Maybe related to some QoS flags? MQTT QoS flags define guarantees about subscribed clients receiving published messages. I could have a look to see is something has recently changed in controller queue handling where it might try to push out messages more than processing received messages? Do you also subscribe to topics to which your devices also publish? Or only to topic(s) where Domoticz publishes to?

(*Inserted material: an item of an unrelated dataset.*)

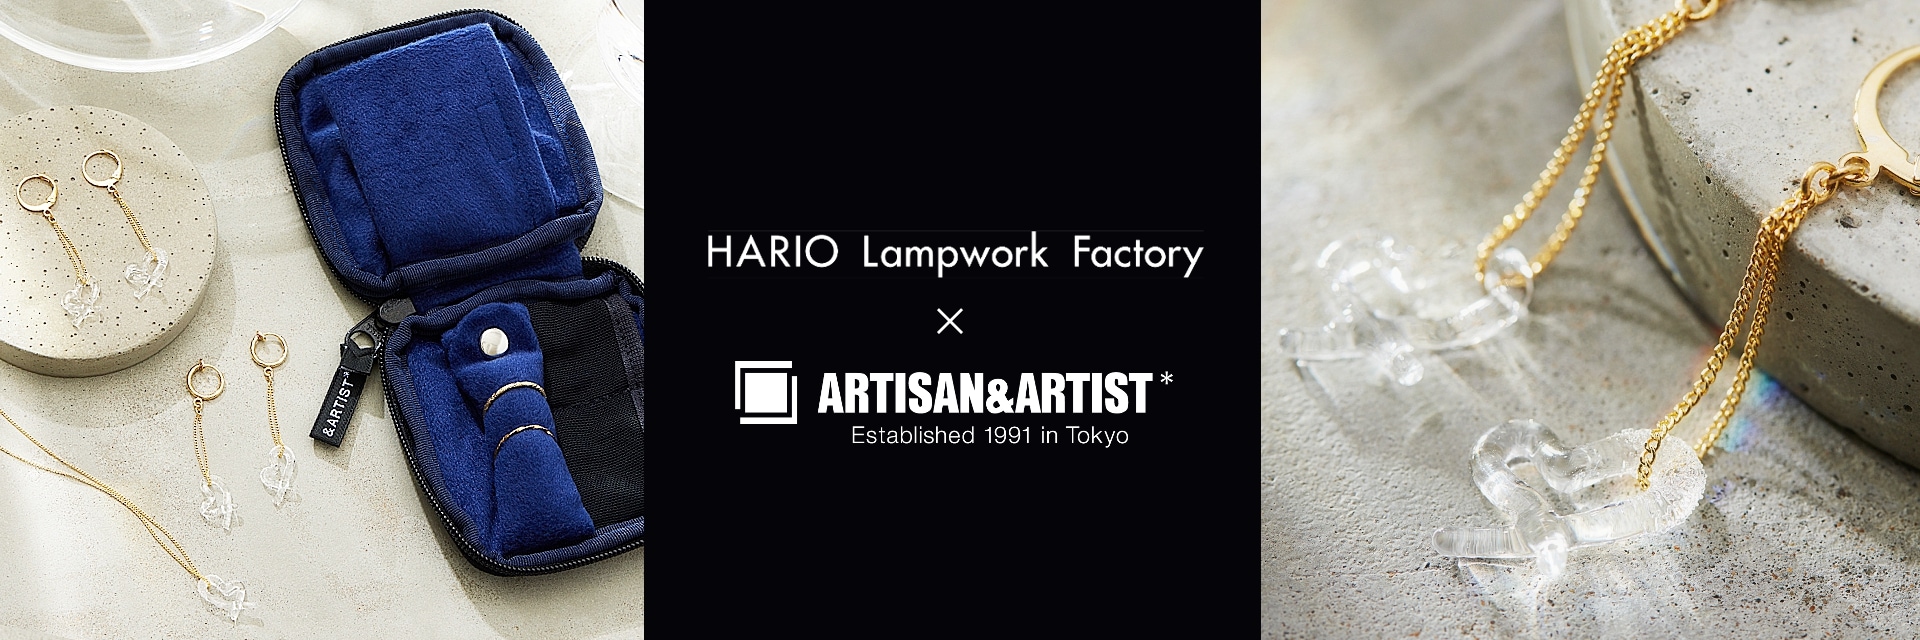 HARIO Lampwork Factory コラボレーションアイテム 一覧ページ

Maybe Domoticz recently changed its QoS flags when sending messages?

Maybe there is more memory reserved on the 'working' docker image for delivering messages to subscribers? Maybe saving the state every 30 seconds is a bit too much? (in Mosquitto)

sincze commented 5 months ago

Maybe related to some QoS flags? MQTT QoS flags define guarantees about subscribed clients receiving published messages. I could have a look to see is something has recently changed in controller queue handling where it might try to push out messages more than processing received messages? Do you also subscribe to topics to which your devices also publish? Or only to topic(s) where Domoticz publishes to?

Maybe Domoticz recently changed its QoS flags when sending messages?

Maybe there is more memory reserved on the 'working' docker image for delivering messages to subscribers? Maybe saving the state every 30 seconds is a bit too much? (in Mosquitto)

The working docker has no active domoticz attached to it :)

But question why would my espeasy (jablotron) be interested in domoticz/out ??

It only publishes to different topics and domoticz/in

TD-er commented 5 months ago

The Domoticz MQTT controller subscribes to it so it can receive messages sent by Domoticz.

However it was a rather poor scaling design decision of Domoticz as you all publish to the same topic and subscribe to the same topic.

sincze commented 5 months ago

The Domoticz MQTT controller subscribes to it so it can receive messages sent by Domoticz.

However it was a rather poor scaling design decision of Domoticz as you all publish to the same topic and subscribe to the same topic.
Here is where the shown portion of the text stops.